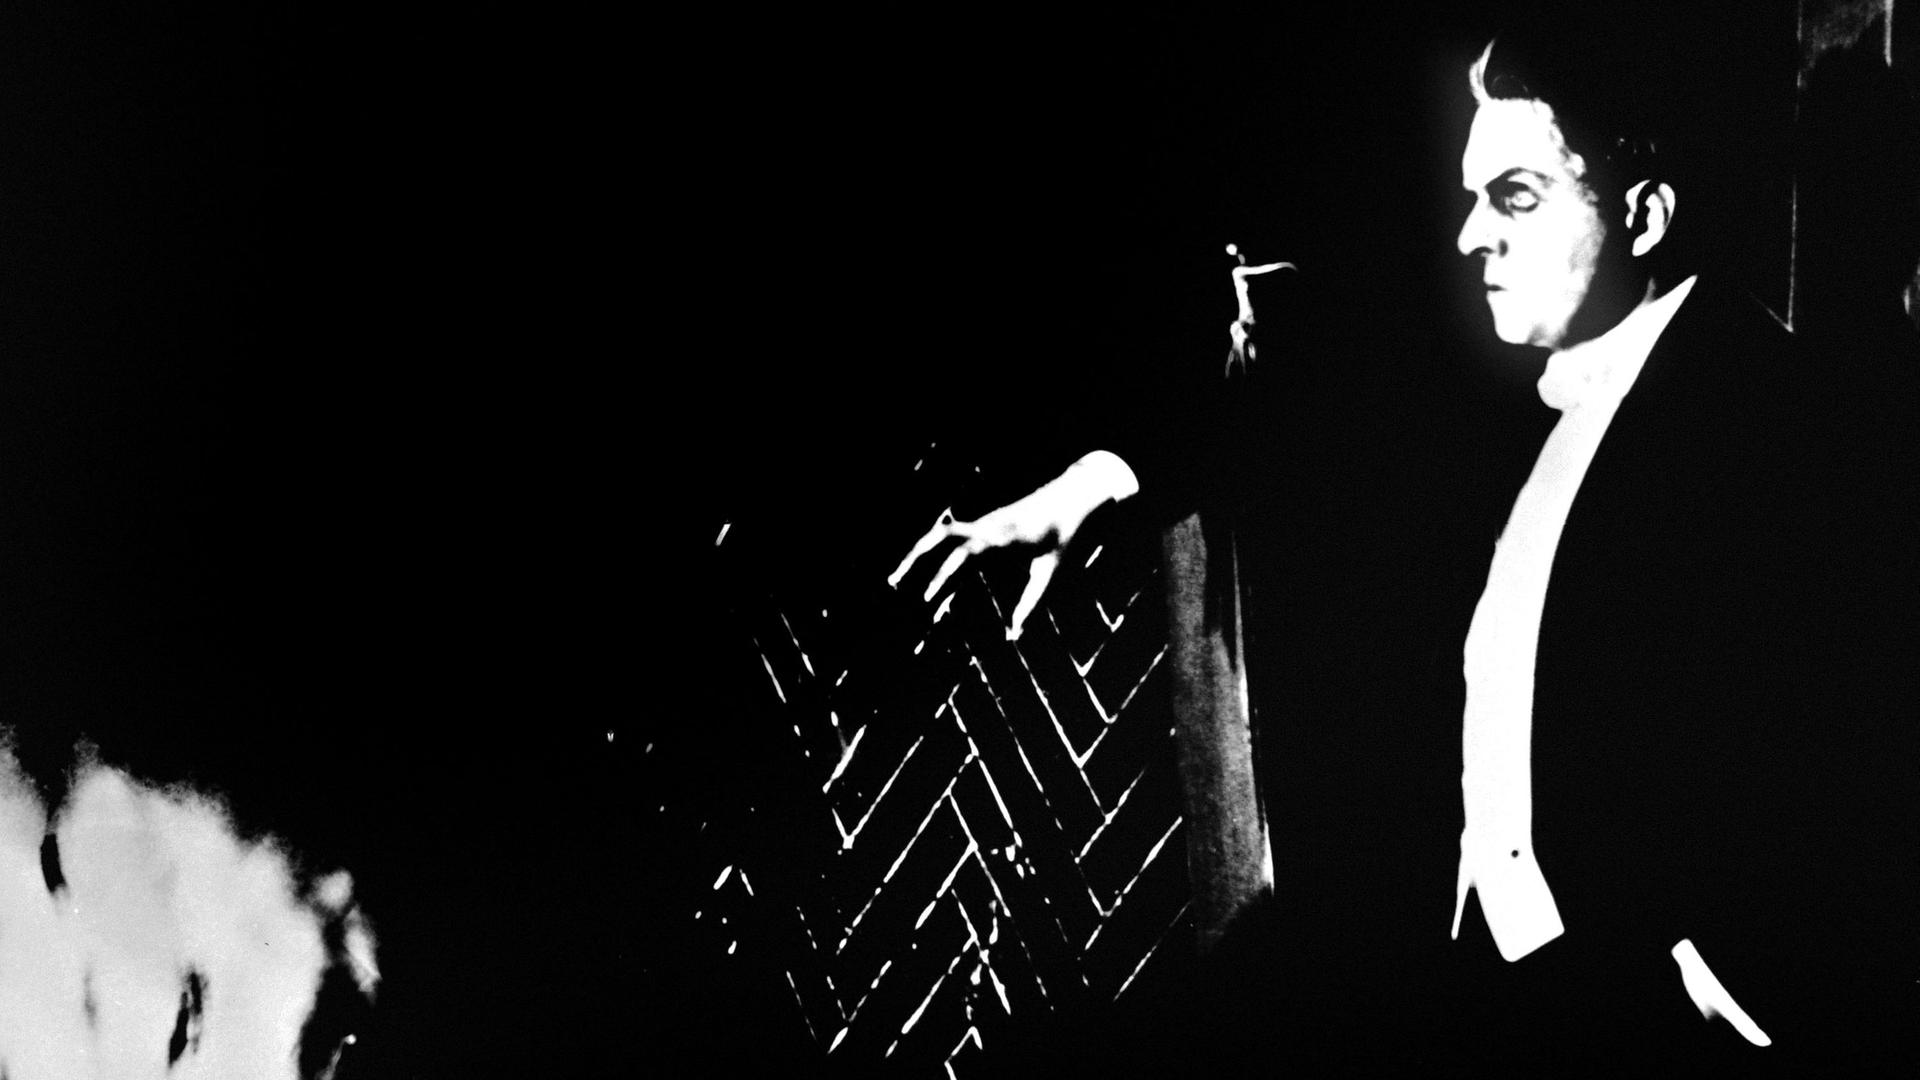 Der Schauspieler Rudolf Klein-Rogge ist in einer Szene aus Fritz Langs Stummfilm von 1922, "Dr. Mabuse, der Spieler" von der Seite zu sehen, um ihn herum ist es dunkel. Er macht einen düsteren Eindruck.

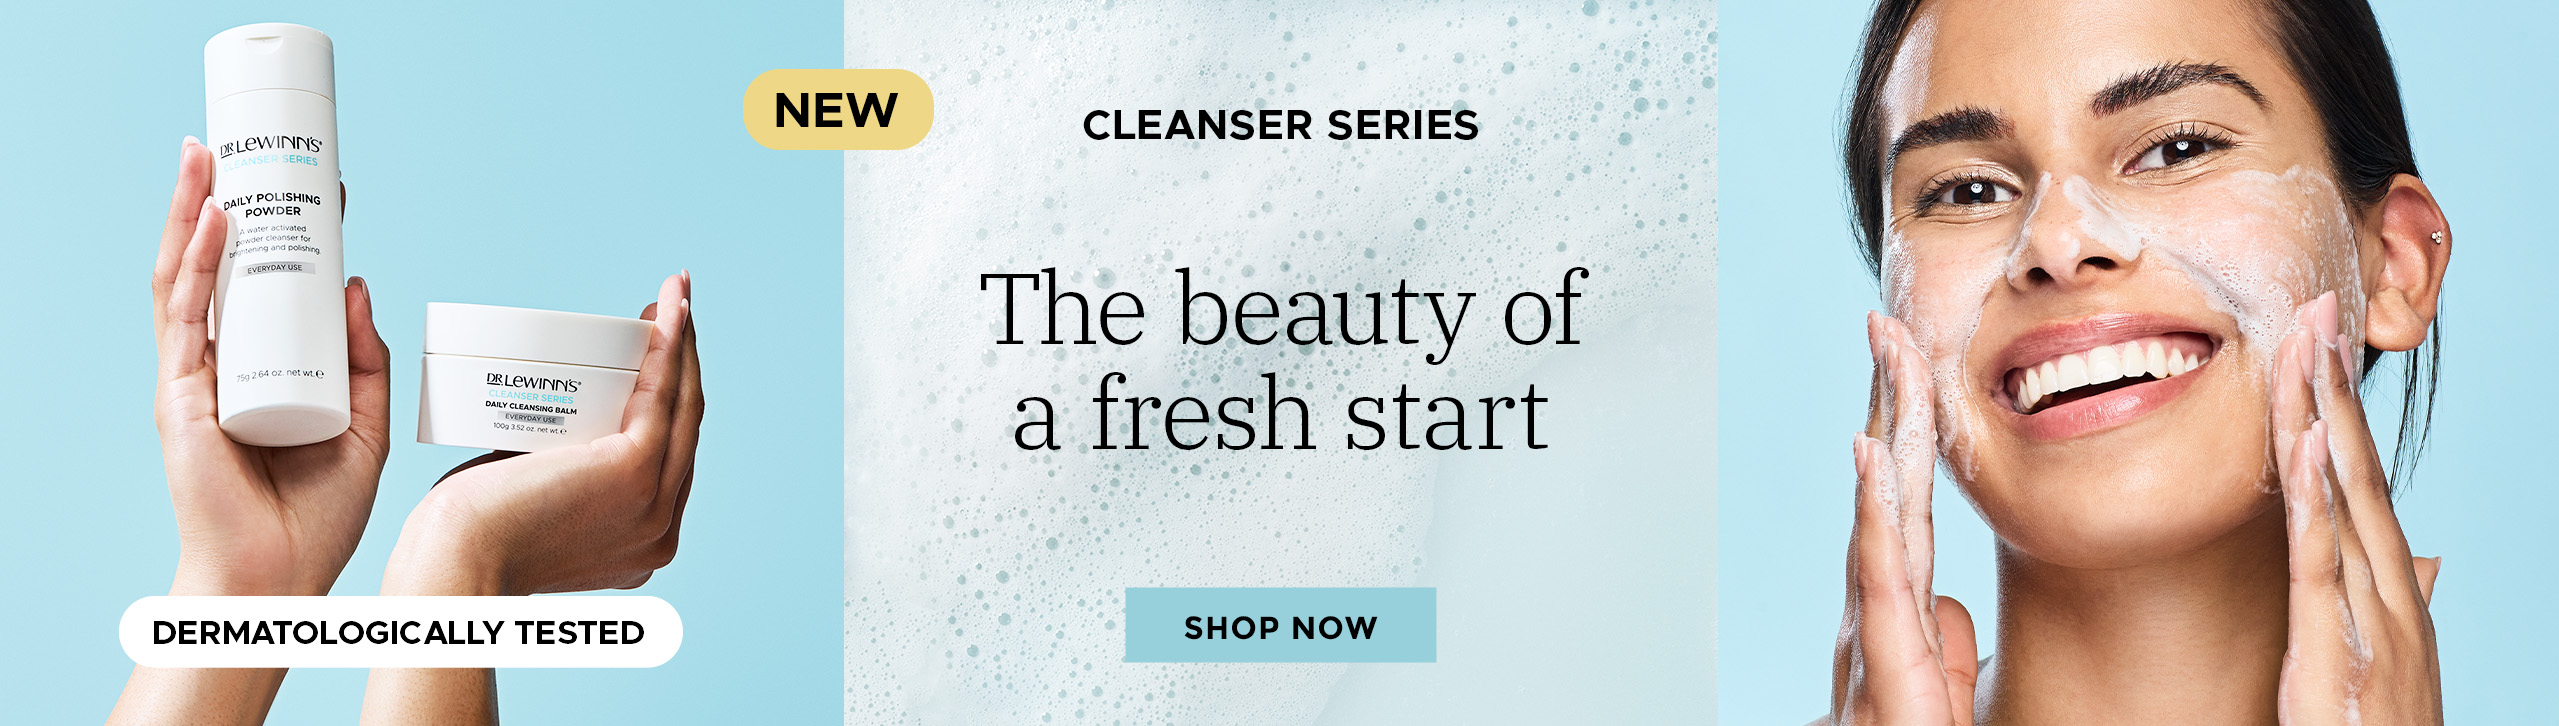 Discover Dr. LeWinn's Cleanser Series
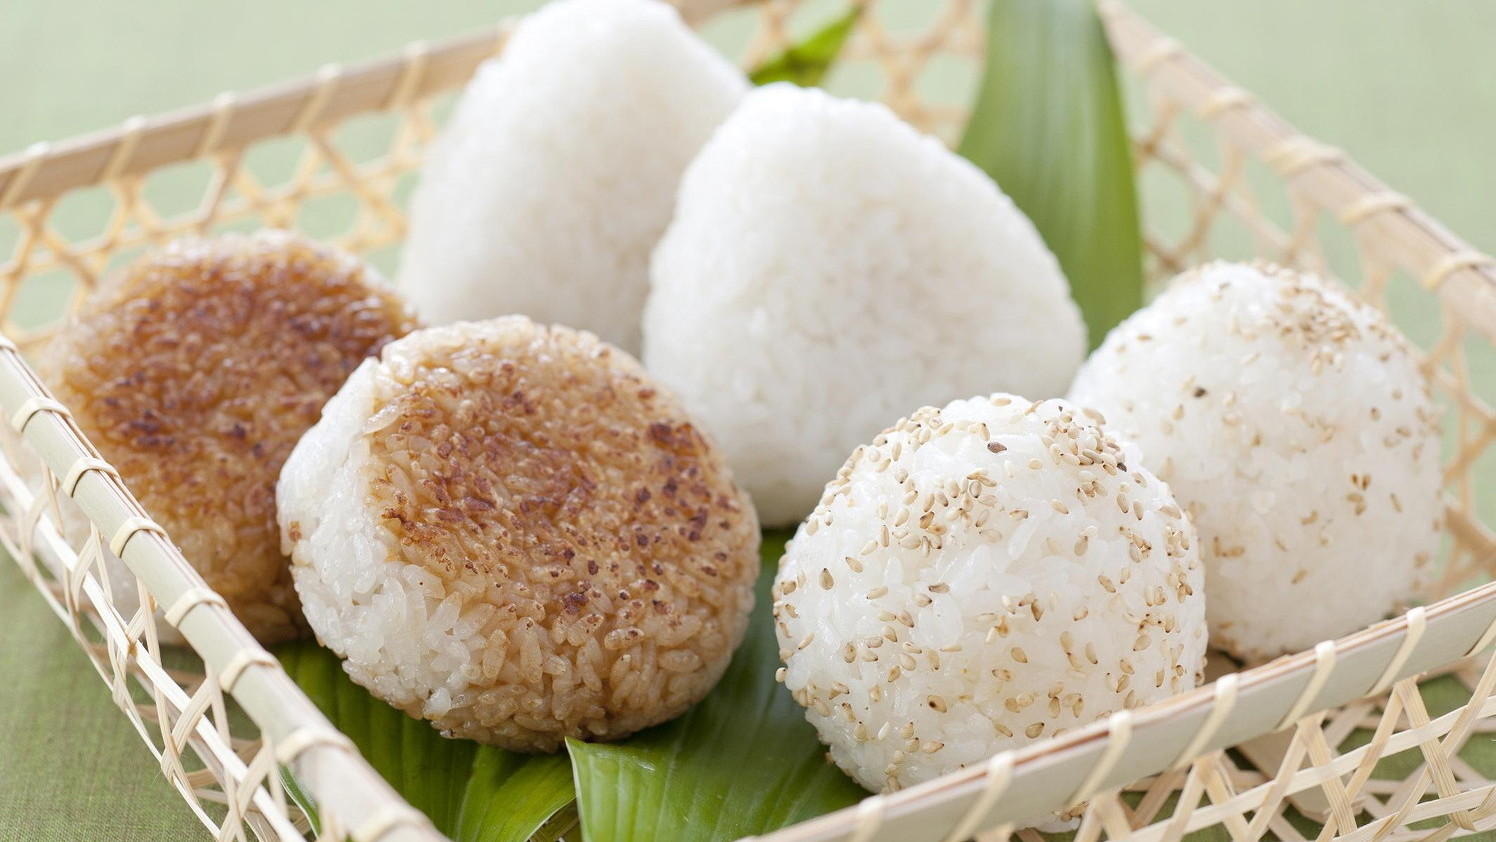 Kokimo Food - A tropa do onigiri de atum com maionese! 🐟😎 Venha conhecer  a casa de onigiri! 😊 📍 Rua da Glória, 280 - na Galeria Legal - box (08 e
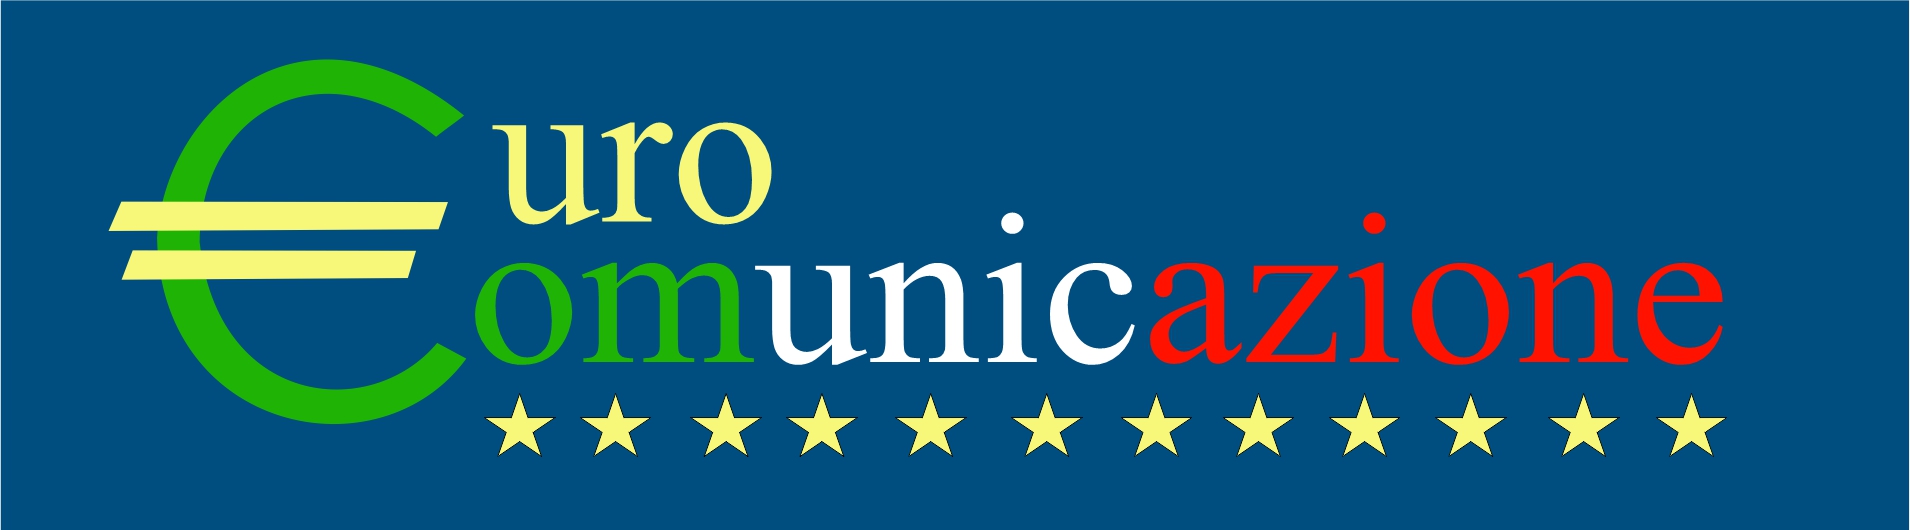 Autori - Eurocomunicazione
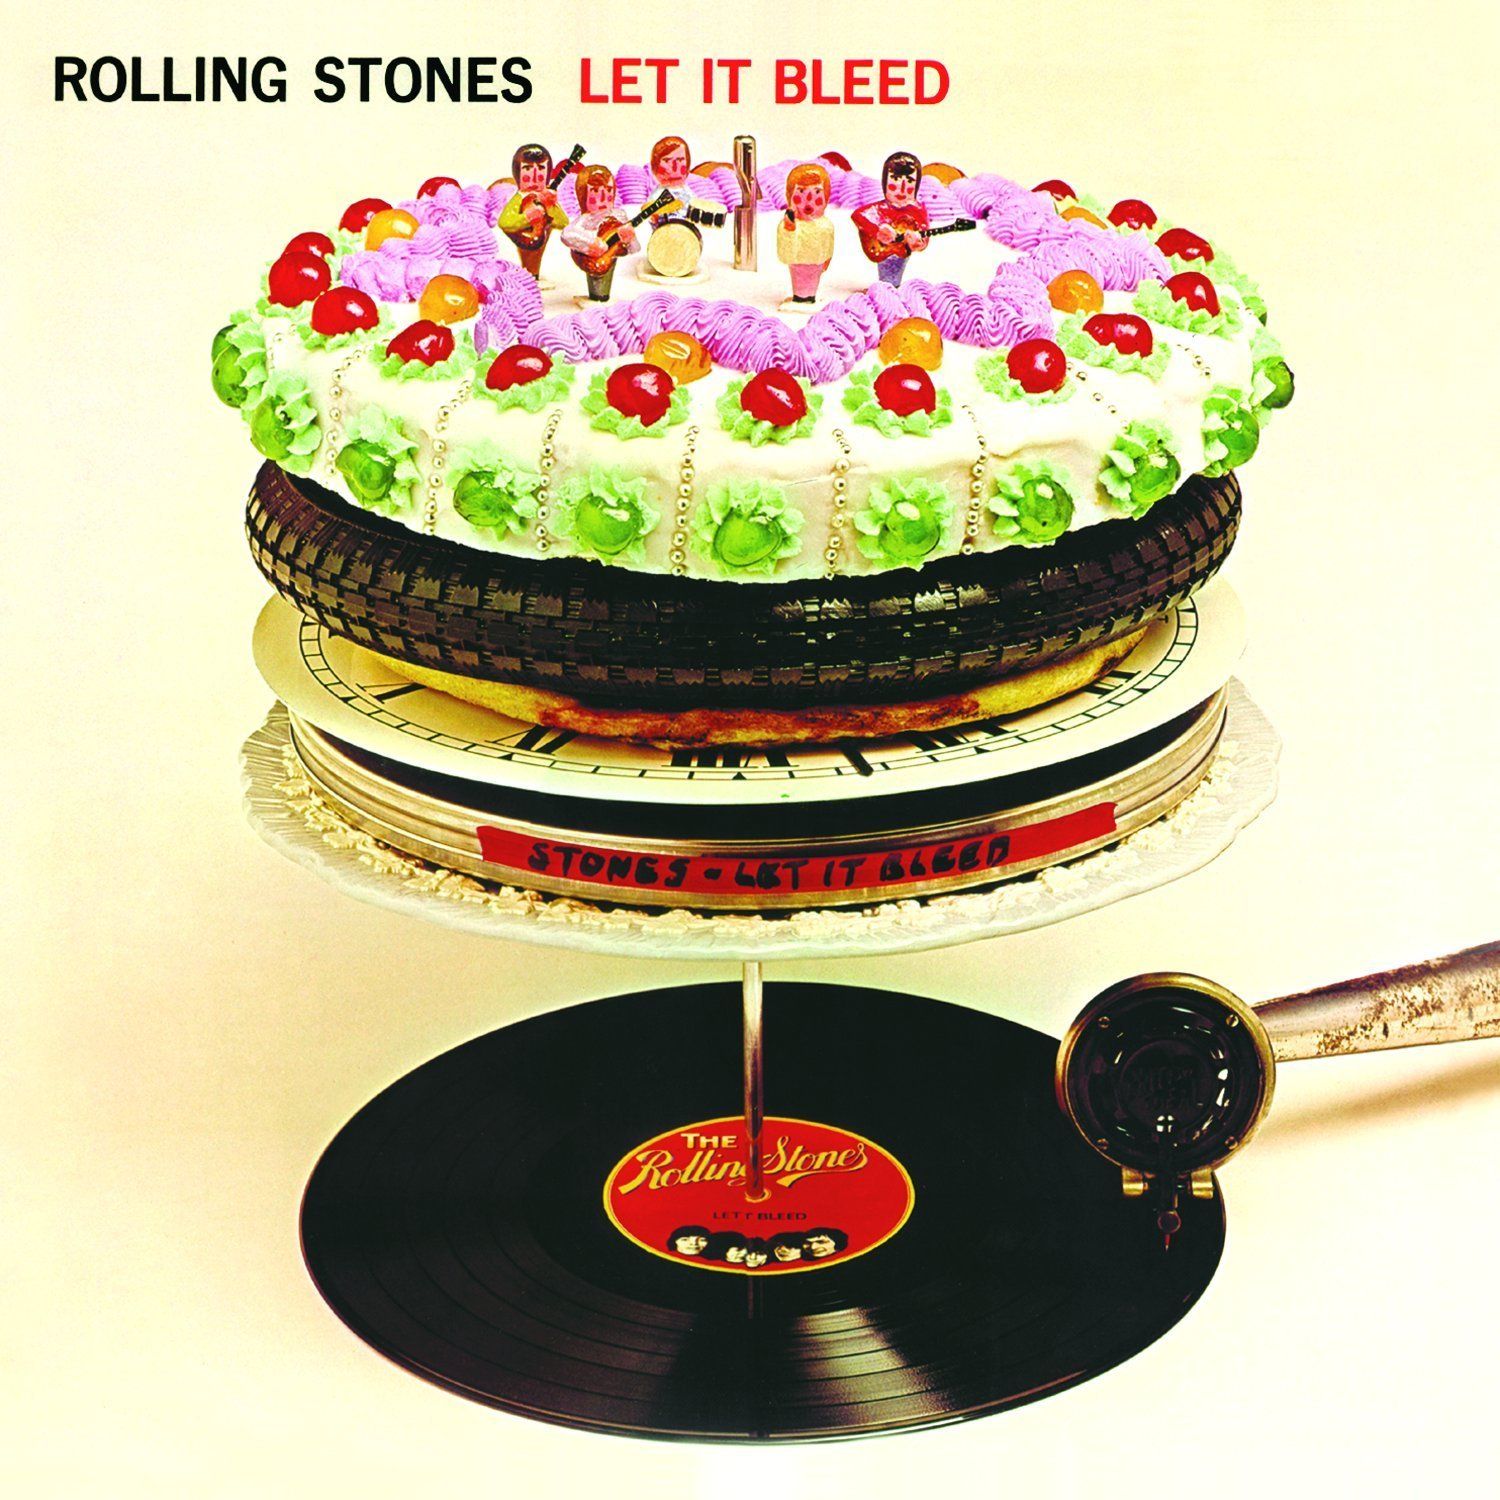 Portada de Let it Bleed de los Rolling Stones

************

When you output the entries, keep each line exactly as it is and leave out any pictures.

Solution for this exercise:
 Der Schauspieler Rudolf Klein-Rogge ist in einer Szene aus Fritz Langs Stummfilm von 1922, "Dr. Mabuse, der Spieler" von der Seite zu sehen, um ihn herum ist es dunkel. Er macht einen düsteren Eindruck.

 Discover Dr. LeWinn's Cleanser Series
 Kokimo Food - A tropa do onigiri de atum com maionese! 🐟😎 Venha conhecer  a casa de onigiri! 😊 📍 Rua da Glória, 280 - na Galeria Legal - box (08 e
 Autori - Eurocomunicazione
 Portada de Let it Bleed de los Rolling Stones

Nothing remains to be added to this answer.